Maigret - 42 - hat Angst by Georges Simenon

Maigret - 42 - hat Angst by Georges Simenon

Autor:Georges Simenon [Simenon, Georges]
Die sprache: deu
Format: epub
Tags: Krimi
ISBN: 9783257238426
Herausgeber: Diogenes
veröffentlicht: 2009-02-01T23:00:00+00:00


Die Messe um halb elf

Als ihm einfiel, daß Sonntag war, begann er zu trödeln. Schon vorher hatte er sich mit einem heimlichen Spiel aus den frühesten Kindertagen vergnügt. Er spielte dieses Spiel manchmal noch, wenn er neben seiner Frau im Bett lag, wobei er darauf bedacht war, sie nichts merken zu lassen. Sie ließ sich täuschen und fragte, wenn sie ihm seine Tasse Kaffee brachte:

»Was hast du geträumt?«

»Warum?«

»Weil du so selig gelächelt hast.«

An diesem Morgen spürte er, noch ehe er die Augen aufschlug, wie ihm ein Sonnenstrahl durch die Lider drang. Und er spürte ihn nicht nur, sondern es war ihm, als sähe er ihn durch die feine Haut hindurch. Er fühlte ein leichtes Prickeln, und – wahrscheinlich durch das Blut, das in den geschlossenen Lidern zirkulierte – sah er die Sonne röter als sie in Wirklichkeit war, strahlend, wie man sie nur auf Bildern sieht.

Er konnte sich mit dieser Sonne eine ganze neue Welt erschaffen, mit Funkengarben und Vulkanen, mit Kaskaden flüssigen Goldes. Er brauchte nur ein wenig die Lider zu bewegen, wie bei einem Kaleidoskop, wobei ihm die Wimpern als Gitter dienten.

Über ihm auf einem Fenstersims hörte er die Tauben gurren und dann verschiedene Glocken gleichzeitig läuten; und er stellte sich die Kirchtürme vor, die in einen gewiß makellos blauen Himmel ragten.

Er spielte das Spiel weiter, während er gleichzeitig auf die Geräusche der Straße lauschte, und an der Art, wie die Schritte widerhallten, und an einer ganz besonderen Stille merkte er, daß es Sonntag war.

Er zögerte lange, bevor er den Arm nach seiner Uhr ausstreckte, die auf dem Nachttisch lag. Sie zeigte halb zehn. In Paris, am Boulevard Richard-Lenoir, hatte Madame Maigret, falls es dort endlich auch Frühling geworden war, bestimmt die Fenster geöffnet und räumte in Morgenrock und Pantoffeln das Schlafzimmer auf, während auf dem Herd langsam ein Ragout kochte.

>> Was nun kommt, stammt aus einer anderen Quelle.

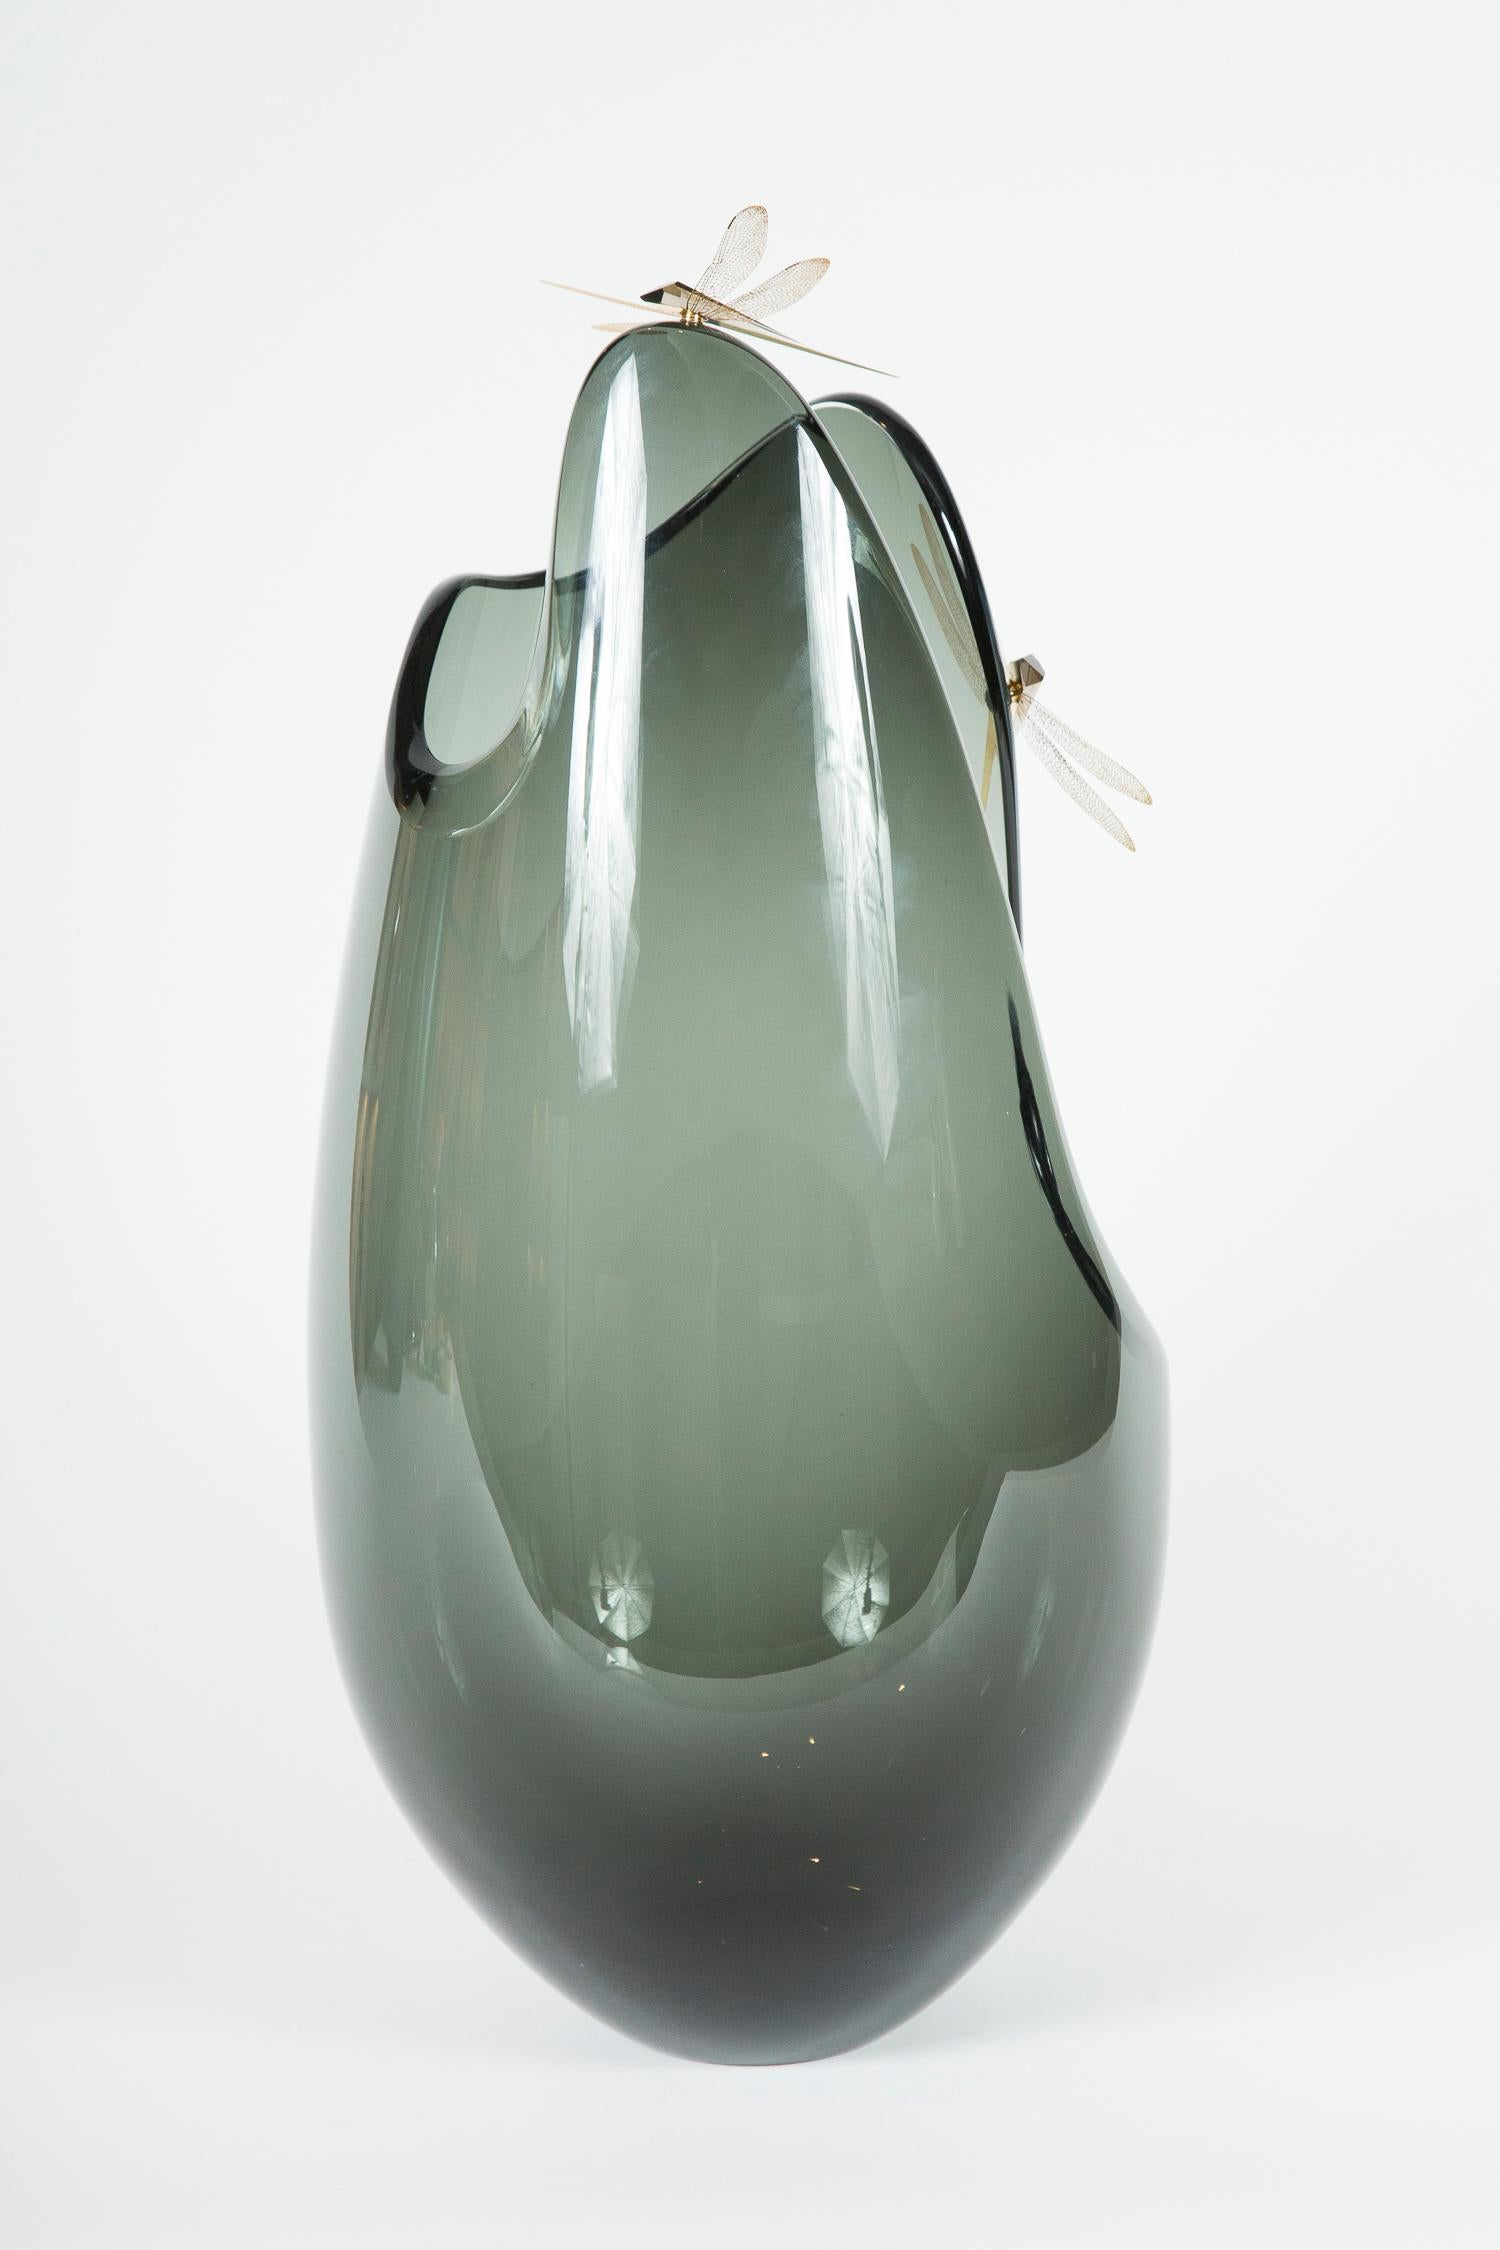 British Fen III, a unique smokey grey glass sculpture with dragonflies by Hanne Enemark
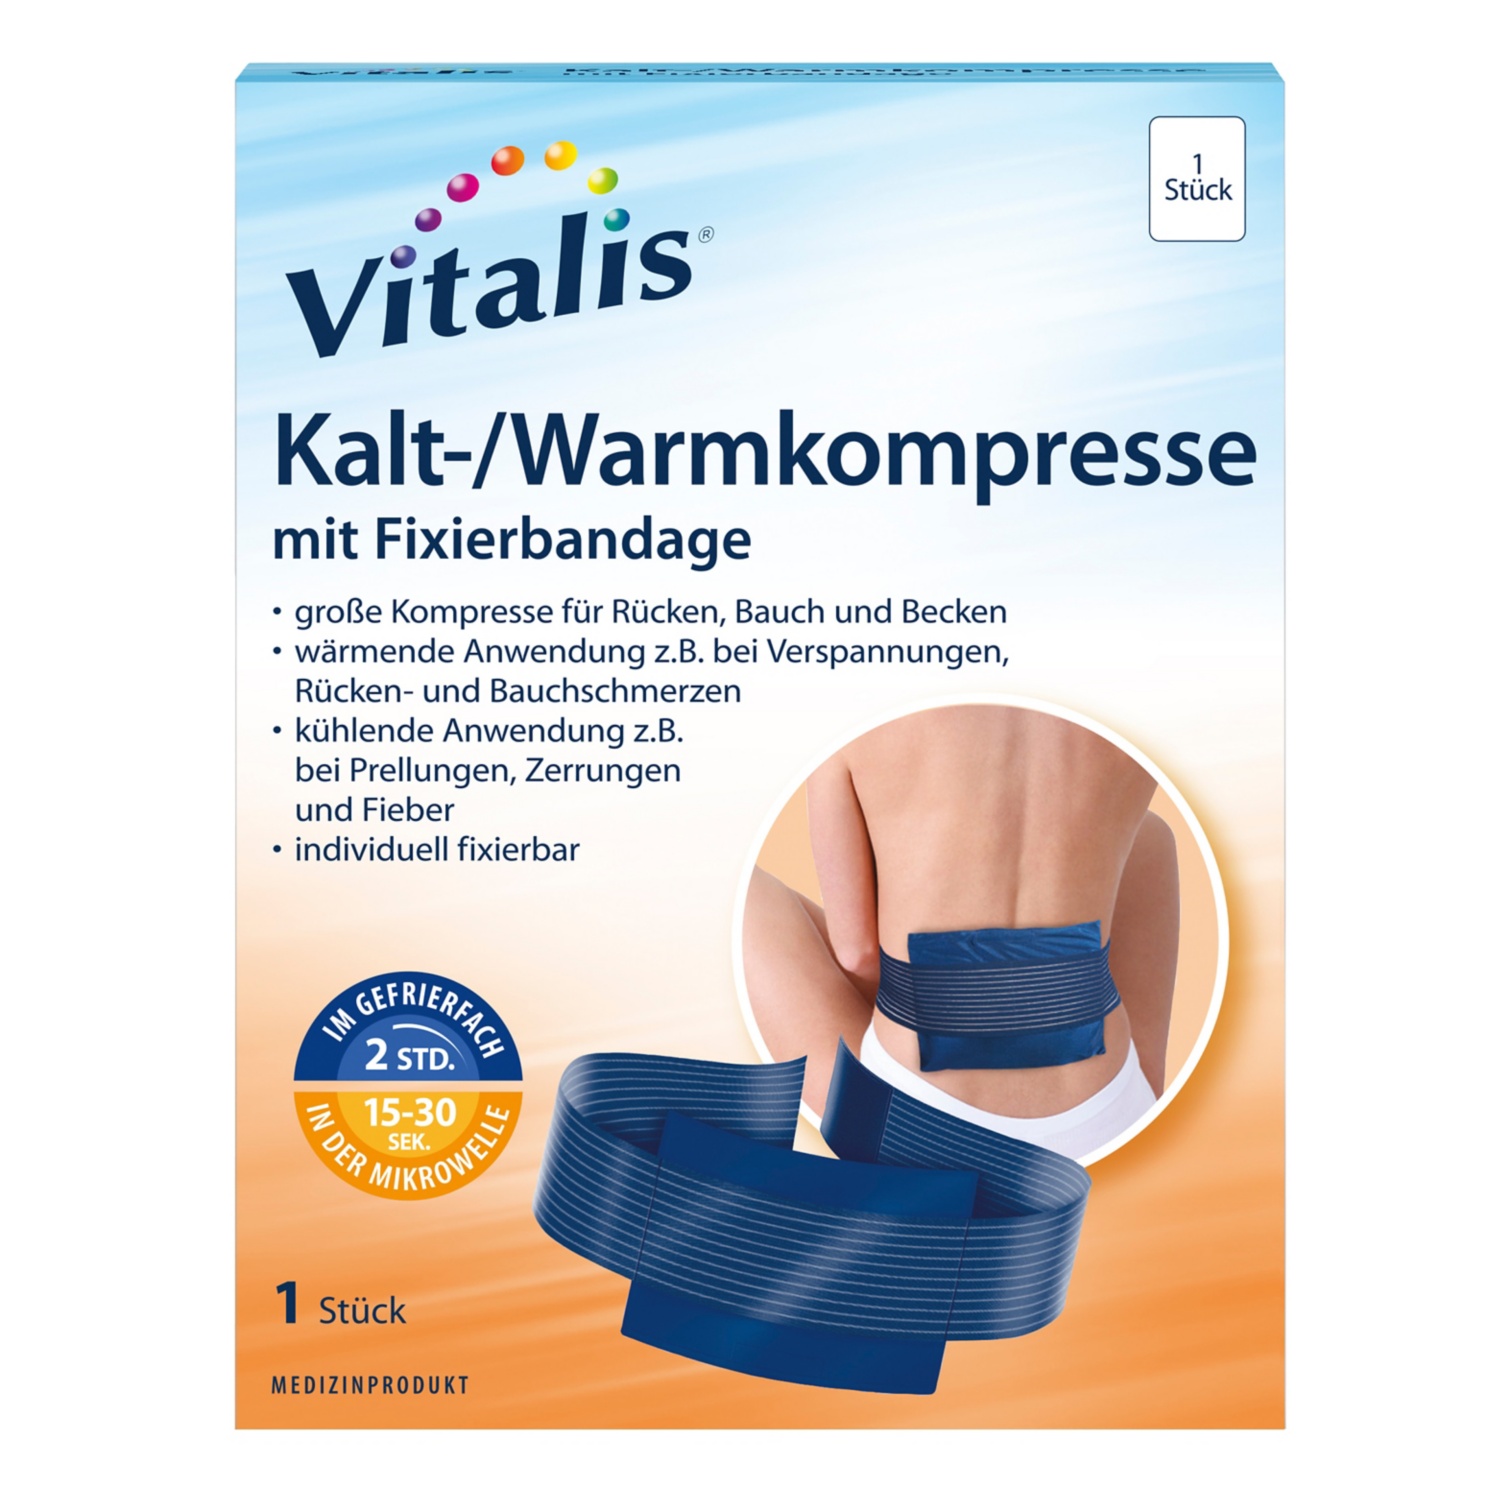 Vitalis® Kalt-/Warmkompresse mit Fixierbandage

Er beschloß, sie anzurufen. Da es in den Zimmern kein Telefon gab, mußte er es auf später verschieben. Er würde hinuntergehen und sie von der Telefonzelle aus anrufen. Er drückte auf die elektrische Klingel. Das Zimmermädchen kam ihm adretter und heiterer vor als gestern.

»Was möchten Sie essen?«

»Nichts. Ich möchte nur viel Kaffee.«

Sie sah ihn wieder auf die gleiche, neugierige Art an.

»Soll ich Ihnen ein Bad einlaufen lassen?«

»Erst wenn ich meinen Kaffee getrunken habe.«

Er zündete sich eine Pfeife an und öffnete das Fenster. Die Luft war noch kühl, und er mußte seinen Morgenrock anziehen; aber hin und wieder spürte man schon kleine, laue Luftstöße. Die Fassaden der Häuser und das Straßenpflaster waren wieder trocken. Die Straße war menschenleer. Nur hin und wieder spazierte eine Familie im Sonntagsstaat vorüber oder eine Frau vom Lande, die einen Strauß violetten Flieder in der Hand trug.

Auch das Leben im Hotel schien seinen Rhythmus verlangsamt zu haben, denn er mußte lange auf seinen Kaffee warten. Auf dem Nachttisch lagen noch die beiden Briefe, die er am Abend zuvor erhalten hatte. Der eine war unterschrieben. Die Schrift war klar, wie gestochen; der Brief war mit schwarzer Tinte geschrieben, die wie chinesische Tusche aussah.